CE, 7ème et 2ème chambres réunies, 10 juillet 2020, société Comptoir négoce équipements, n°430864
 

Jusqu’à cette décision de principe, le Conseil d’Etat considérait la résiliation pour invalidité du contrat comme l’une des hypothèses de la résiliation pour motif d’intérêt général ; encore qu’il n’avait été que peu sollicité sur le sujet (v. par ex. 10 juillet 1996, COISNE, n°140606 et 7 mai 2013, société Auxiliaire des parcs de la région parisienne, n°365043 : à propos d’irrégularités de rédaction d’un contrat, et de la durée excessive d’une convention de délégation de service public, pouvant légalement fonder une résiliation unilatérale à l’initiative de la personne publique pour motif d’intérêt général). 

Le Conseil d’Etat distingue désormais ces deux motifs de résiliation : 

D’une part, la résiliation pour motif d’intérêt général, rappelant qu’ « en vertu des règles générales applicables aux contrats administratifs, la personne publique cocontractant peut toujours, pour un motif d’intérêt général, résilier unilatéralement un tel contrat, sous réserve des droits à indemnité de son cocontractant » (cons. 2).
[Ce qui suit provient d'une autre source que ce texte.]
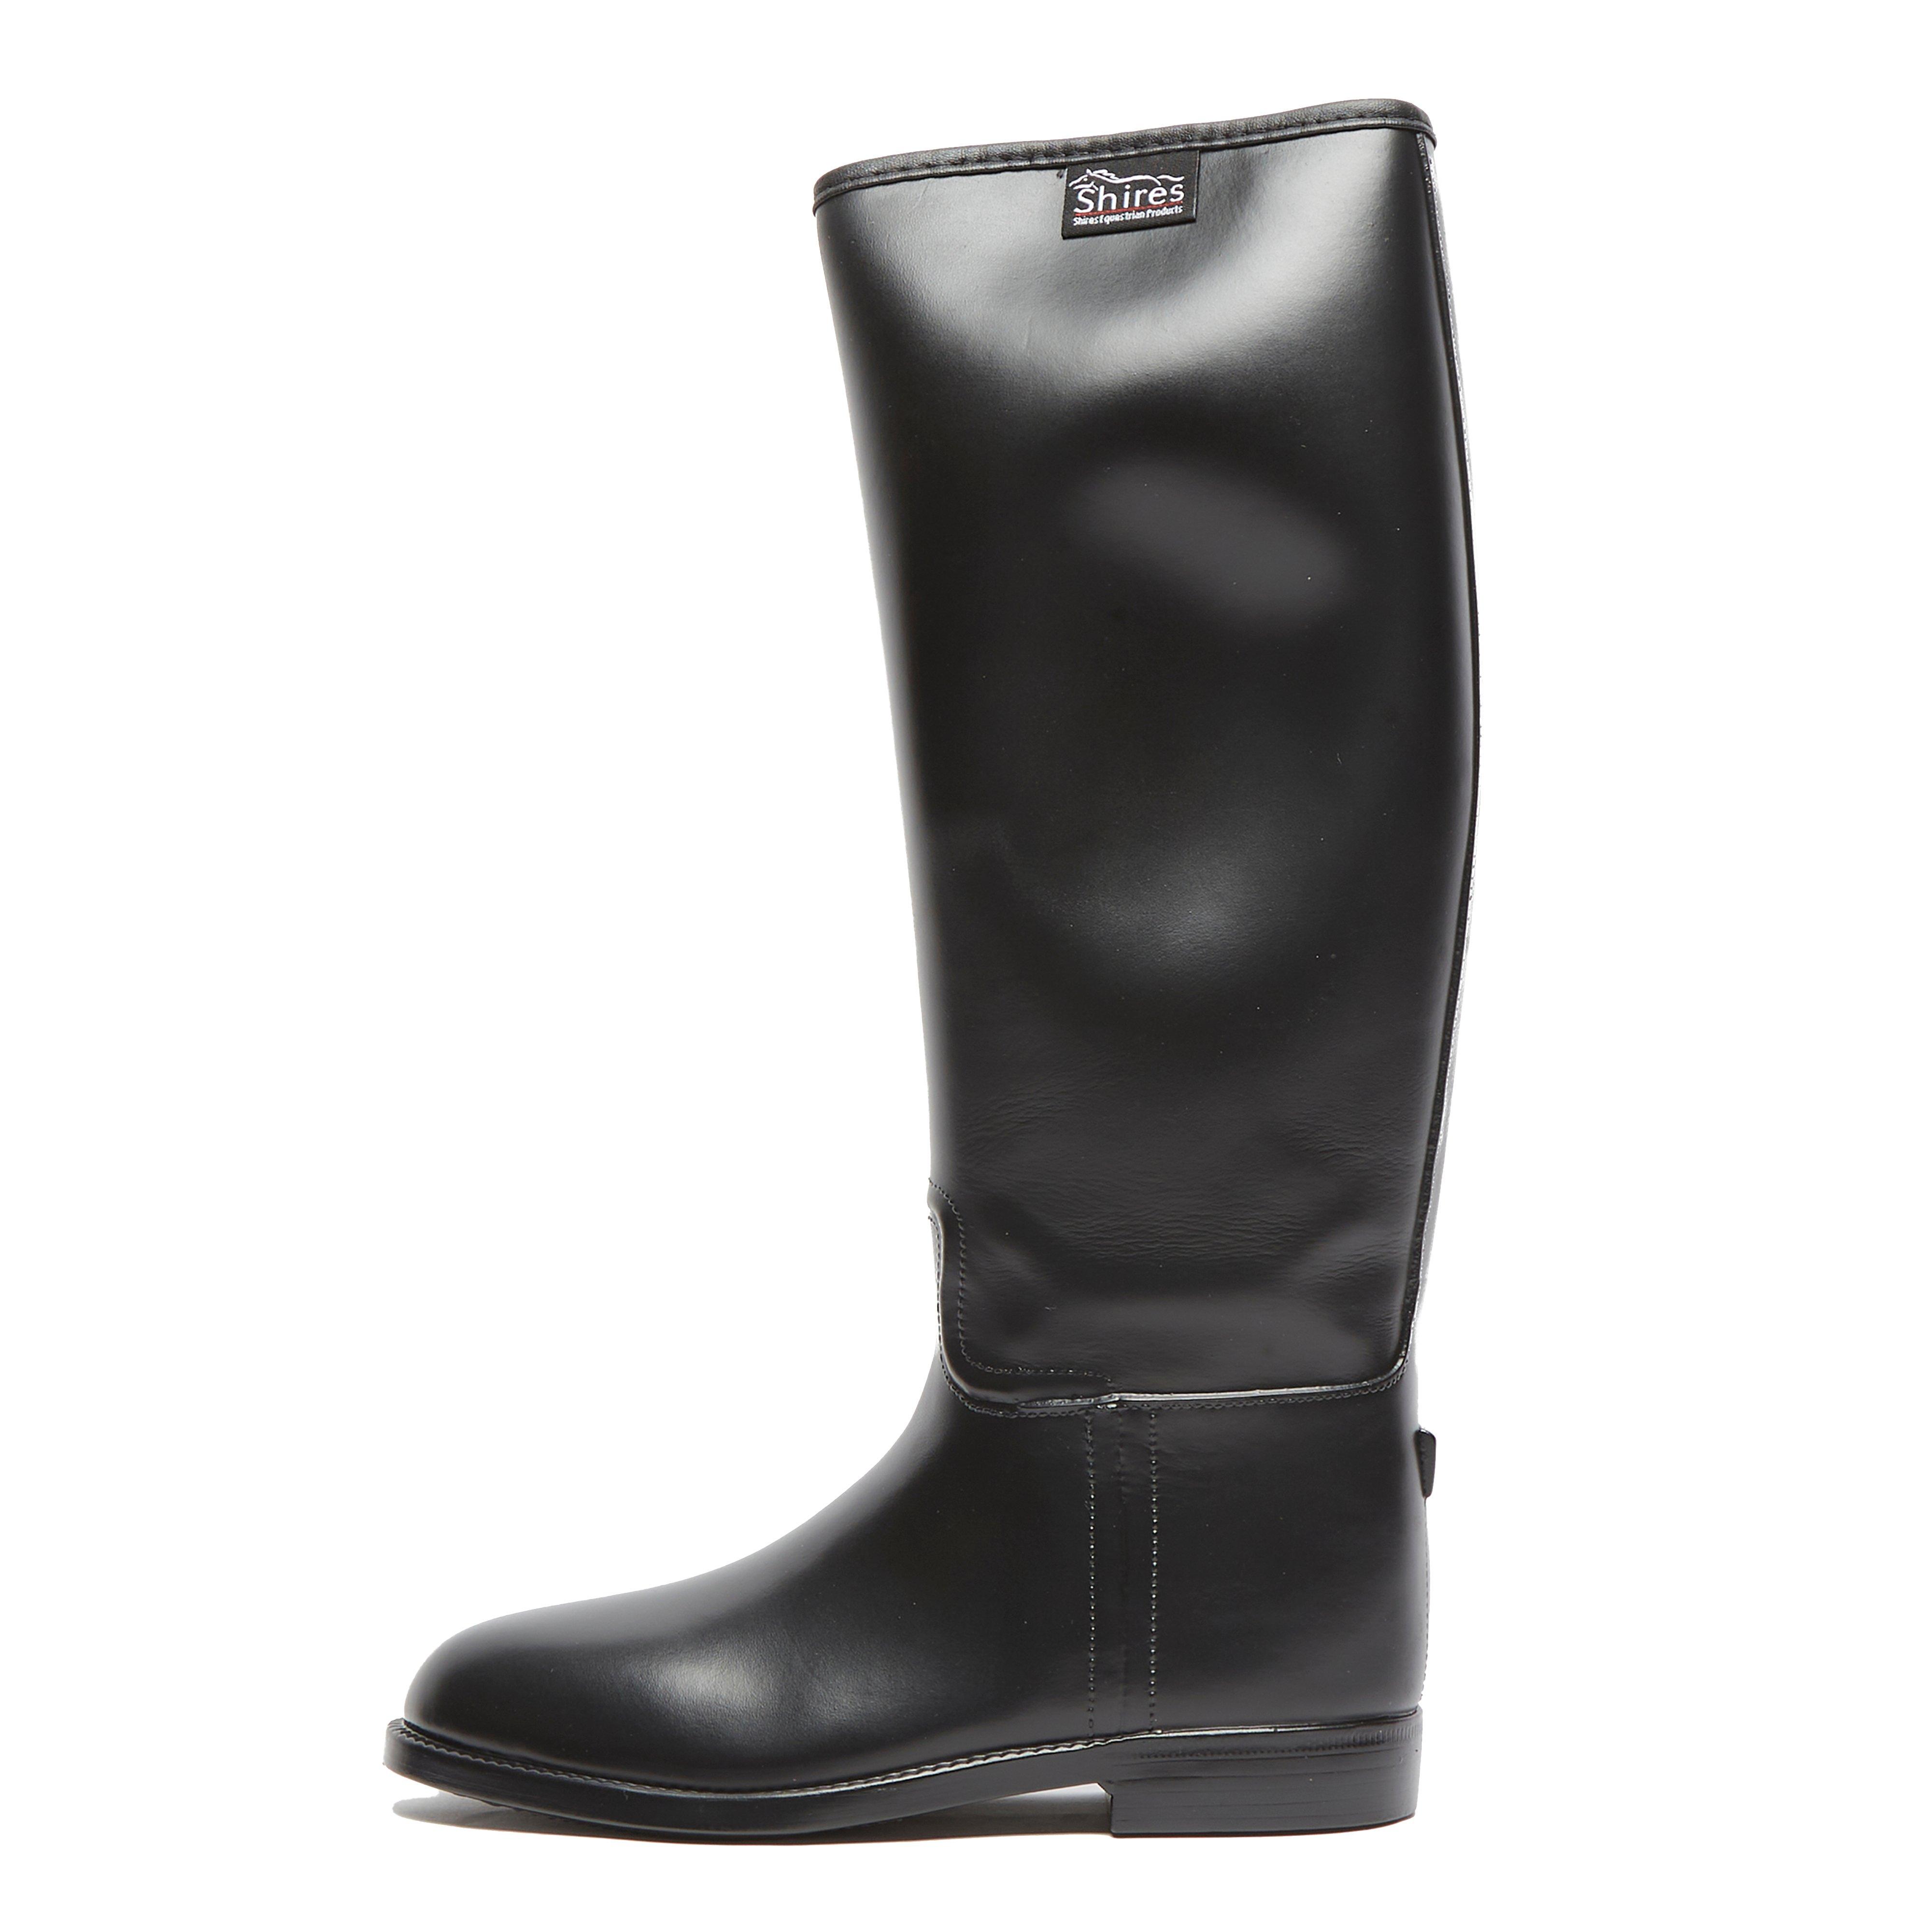 Shires Children's Long Rubber Riding Boot Review

D’autre part, la résiliation pour invalidité du contrat :

« Dans le cas particulier d’un contrat entaché d’une irrégularité d’une gravité telle que, s’il était saisi, le Juge du contrat pourrait en prononcer l’annulation ou la résiliation, la personne publique peut, sous réserve de l’exigence de loyauté des relations contractuelles, résilier unilatéralement le contrat sans qu’il soit besoin qu’elle saisisse au préalable le Juge » (cons. 3).

La gravité du vice ; le vice ne doit pas être régularisable.
L’exigence de loyauté des relations contractuelles ; à concilier avec le droit de repentir de la personne publique qui, de bonne foi, peut être amenée à reconnaître avoir commis une erreur.
Et, très certainement, l’absence d’atteinte excessive à l’intérêt général.
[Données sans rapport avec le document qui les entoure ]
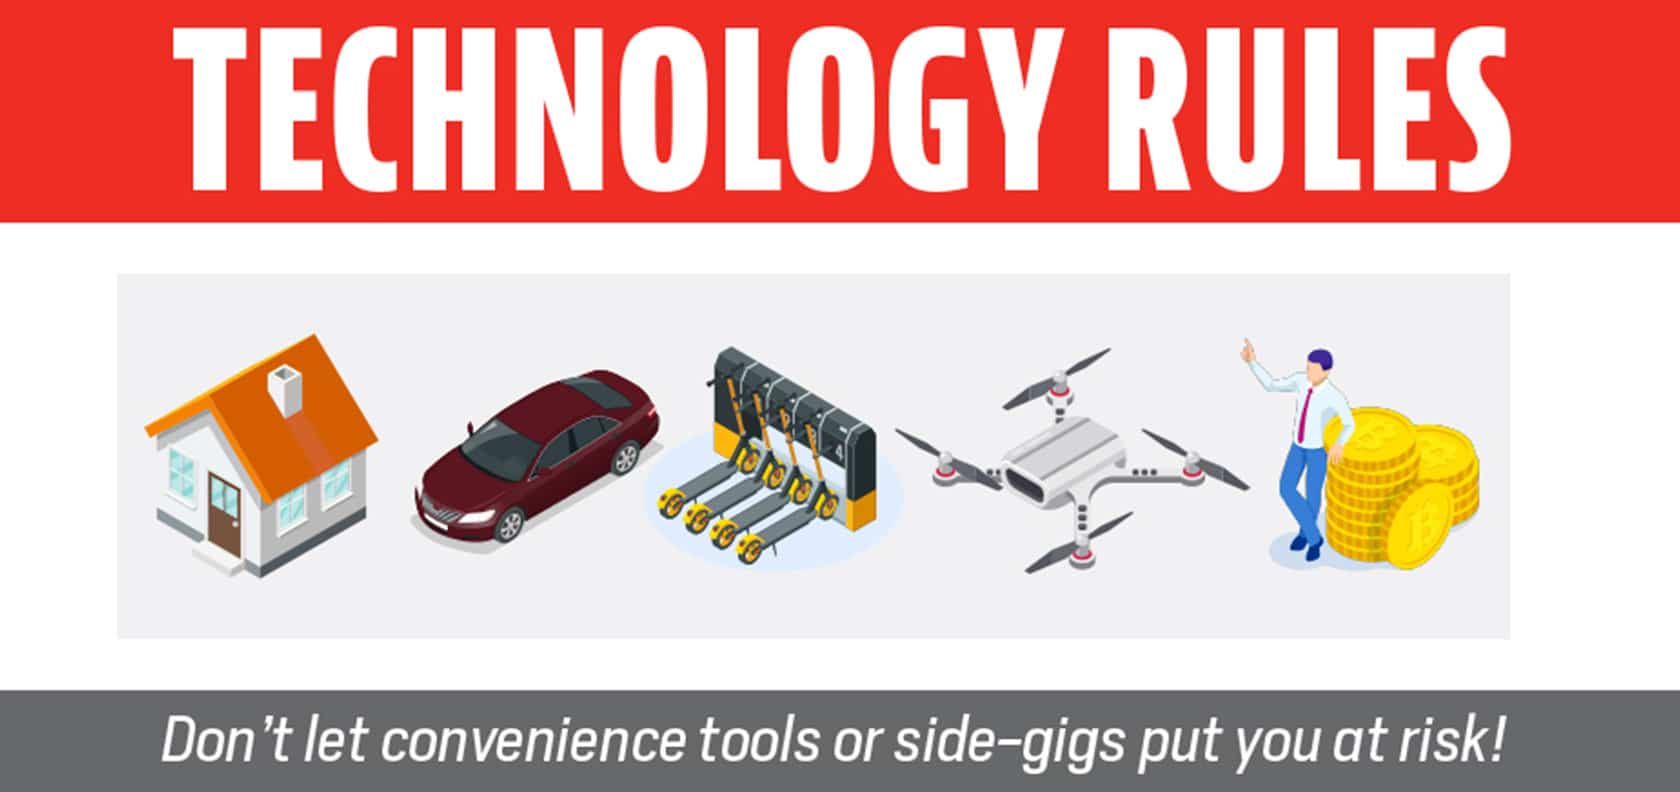 Technology rules. House, car, electric scooters, drone, money.

Dans la présente affaire, la Communauté d’agglomération REIMS Métropole avait lancé une procédure de passation pour l’attribution d’un marché d’éclairage public, les documents de la consultation imposant aux soumissionnaires de recourir à certains fabricants ou produits, sans adjonction de la mention « ou équivalent » (v. art. R.2111-7 du Code de la commande publique). En conséquence de quoi, l’entreprise déclarée attributaire était la seule à avoir soumissionné. Une entreprise concurrente s’en était émue auprès de la DIRRECTE et cette dernière avait alors alerté la Communauté d’agglomération sur le risque administratif et pénal encouru. En conséquence de quoi, le 5 février 2015, la Communauté d’agglomération prenait la décision de résilier, à compter du 1er avril, le marché ayant commencé le 1er janvier. Elle motivait sa décision par sa volonté « d’éviter les risques tenant aux incertitudes qui auraient affecté la consultation ».

L’affaire est remontée jusqu’au Conseil d’Etat.
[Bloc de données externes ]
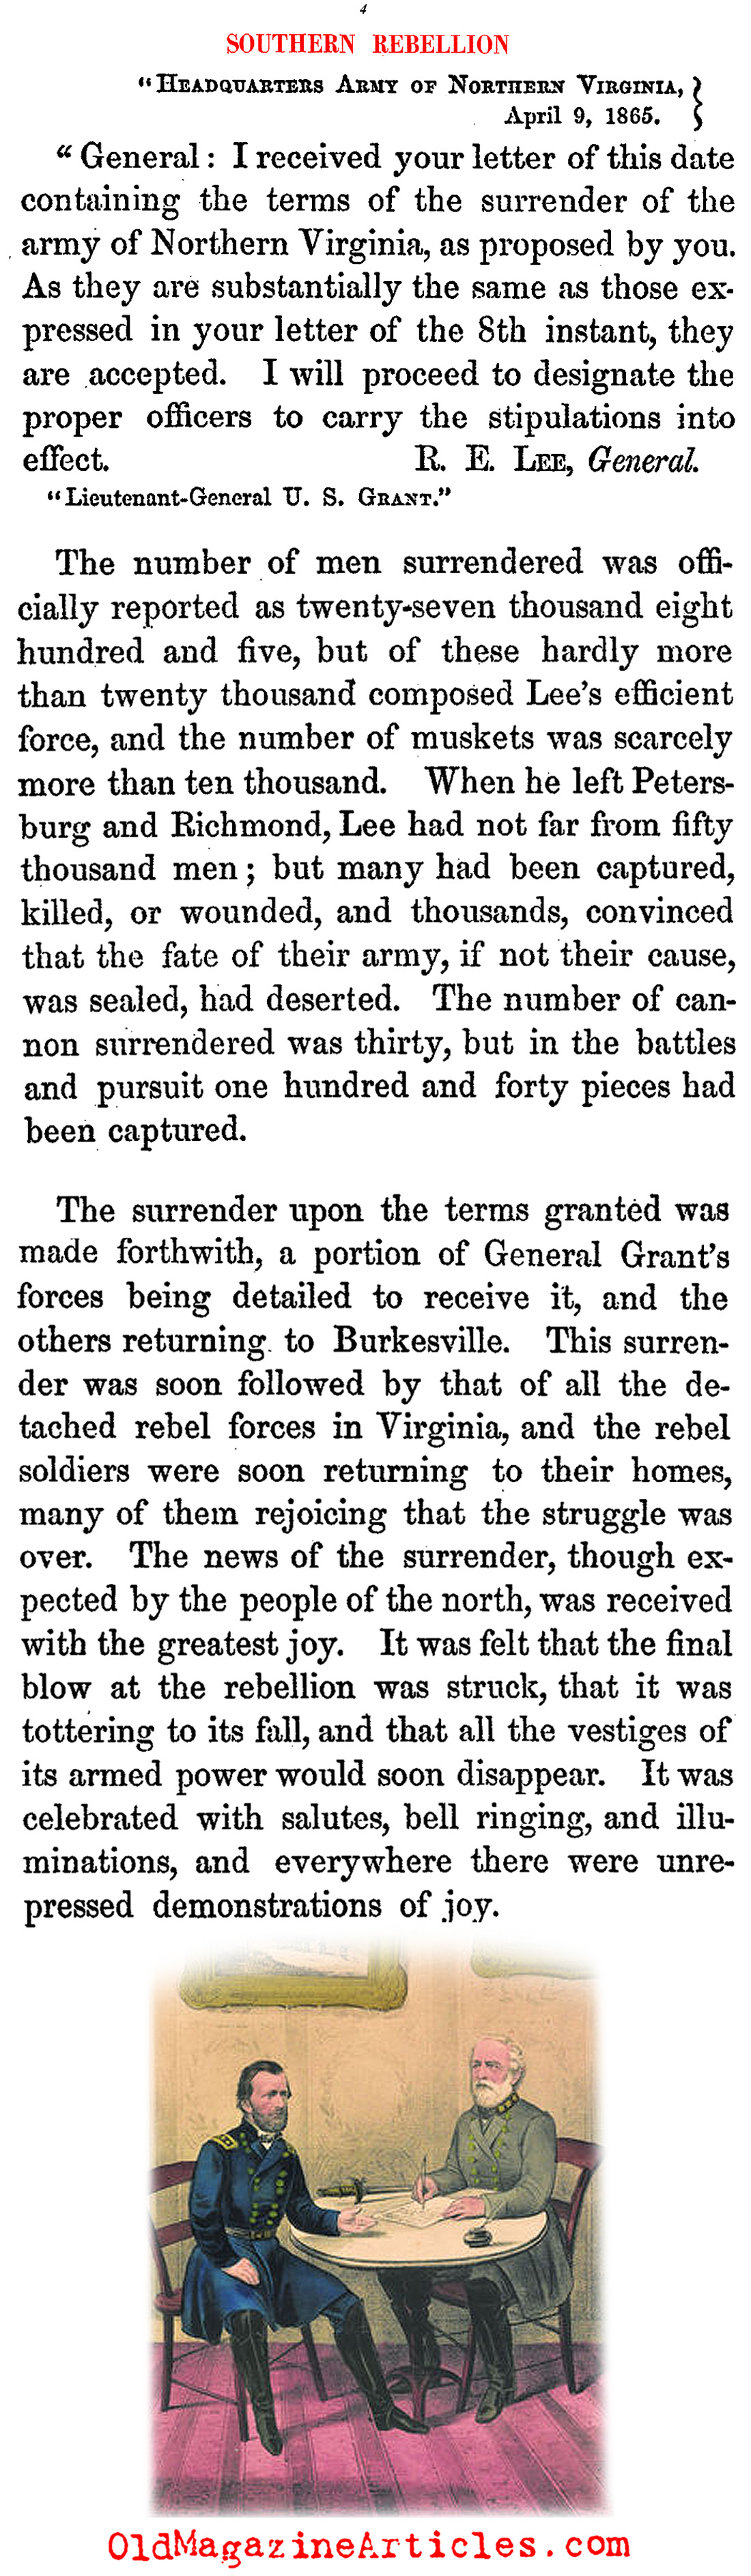 The Closing Letters Between Generals Grant and Lee (The Rebellion, 1867)

La Haute juridiction a censuré l’arrêt d’appel pour avoir retenu que l’irrégularité invoquée par la Communauté d’agglomération pouvait justifier la résiliation du contrat pour motif d’intérêt général, sans avoir recherché « si cette irrégularité pouvait être invoquée par la personne publique au regard de l’exigence de loyauté des relations contractuelles et si elle était d’une gravité telle que, s’il avait été saisi, le Juge du contrat aurait pu prononcer l’annulation ou la résiliation du marché en litige ».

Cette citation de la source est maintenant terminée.